[Proposal] Metadata file for experiments?
Hi,
I would like to ask some opinions whether it's a good idea to have a metadata (JSON) file for experiments (in root folder or in config folder). It could be like:
[
{
"exp": "s509",
"detectors":
{
"neuland":
{
"onspill_tpat": 1,
"offspill_tpat": 14,
"NumOfPlanes": 26,
}
}
},
{
"exp": "s522",
"detectors":
{
"neuland":
{
"onspill_tpat": 1,
"offspill_tpat": 11,
"NumOfPlanes": 26,
}
}
},
{
"exp": "s118",
"detectors":
{
"neuland":
{
"onspill_tpat": 1,
"offspill_tpat": 14,
"NumOfPlanes": 26,
}
}
},
]
The JSON file can then be read by CMake. When configure the cmake, experiment ID can be set with:
cmake .. -DR3BEXP="s118"
and the corresponding C++ global constants can be set accordingly during the compile time. We could also set the default value of R3BEXP to be the latest experiment if not specified.

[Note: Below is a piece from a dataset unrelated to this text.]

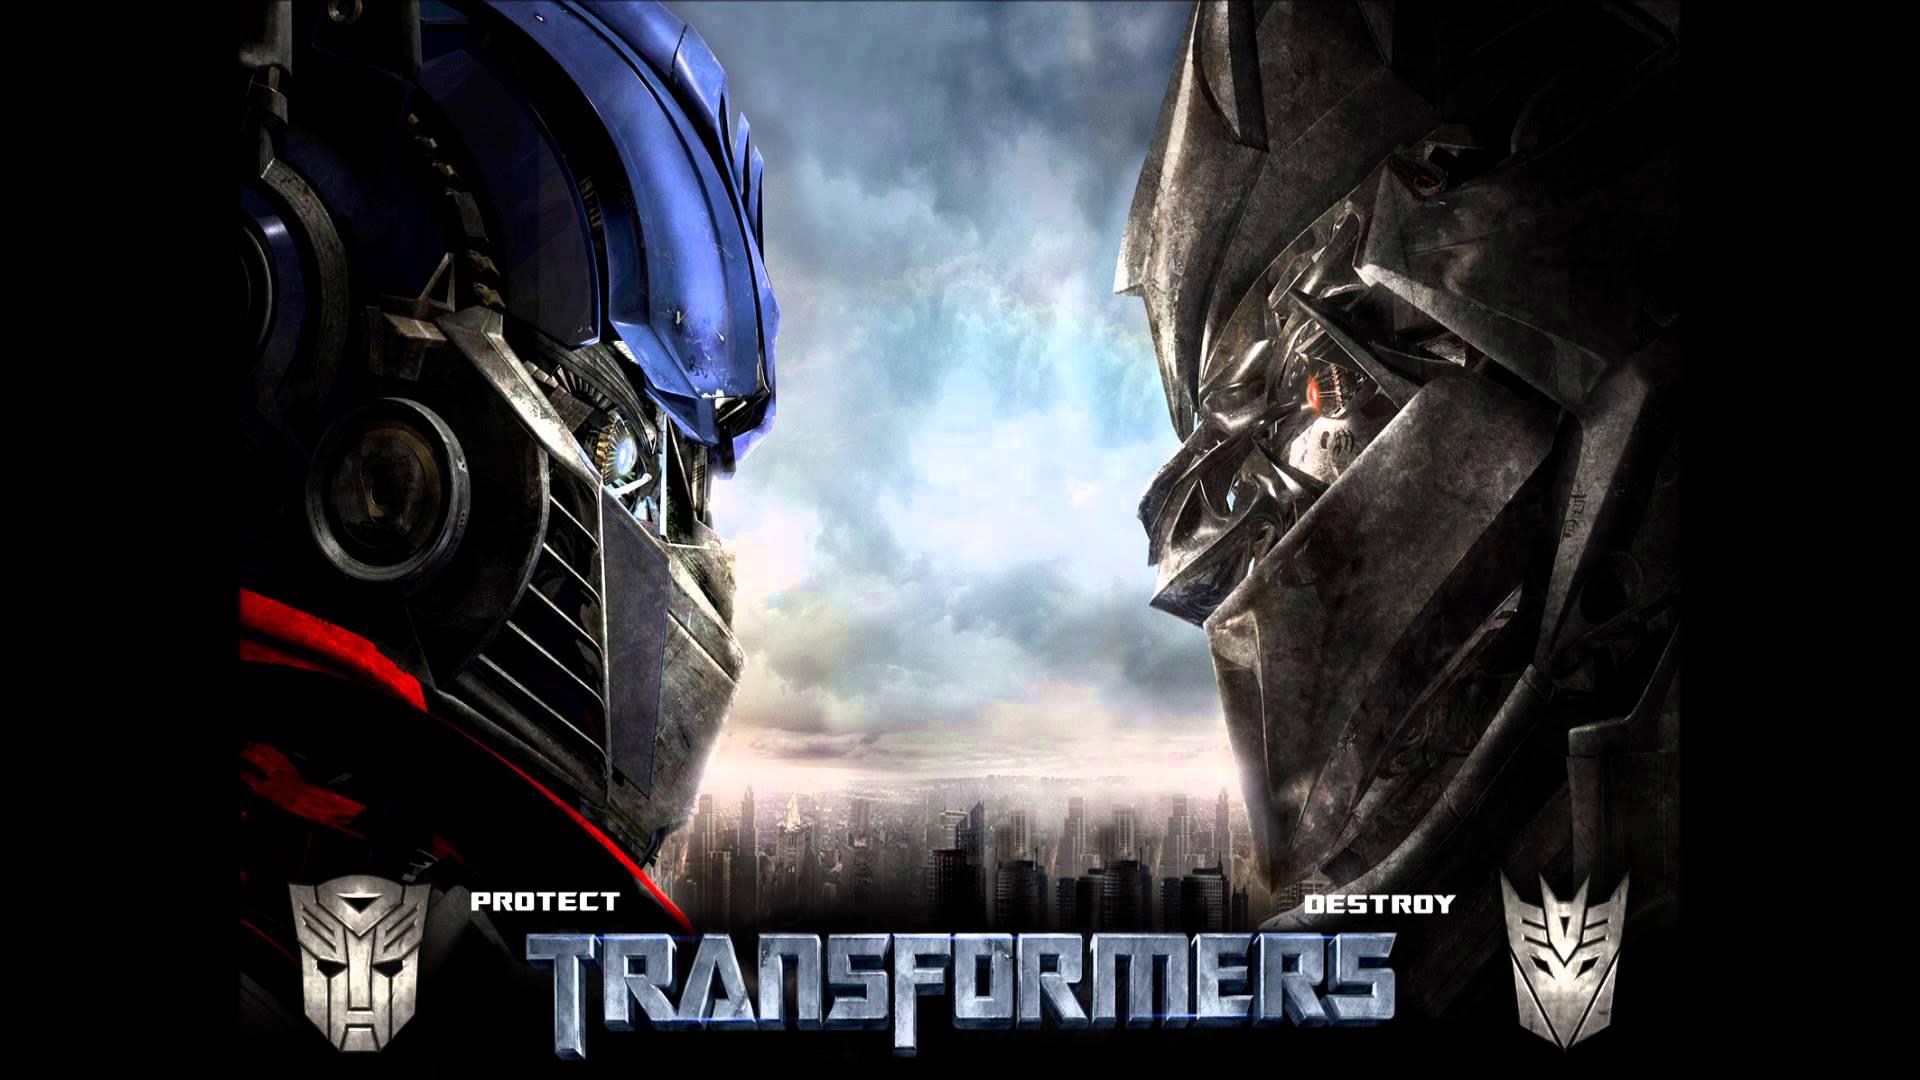 Transformers wallpaper 2 | WallpapersBQ

These are my initial thought. Any suggestions and comments are welcomed.
Maybe set the expID at compile time is a bad idea. Doing so will bind all binary files of R3BRoot to a specific experiment. It is very bad both for executables and ROOT macros if user isn't aware of which experiment R3BRoot is compiled with. Yeah, so better read the metadata file during the run time.
This information should be loaded from a parameter container, something like R3BTpatMappingPar. But the number of planes for Neuland is already in the R3BNeulandMappingPar container. You could also include the parameters "offspill_tpat" and "onspill_tpat" in the latter.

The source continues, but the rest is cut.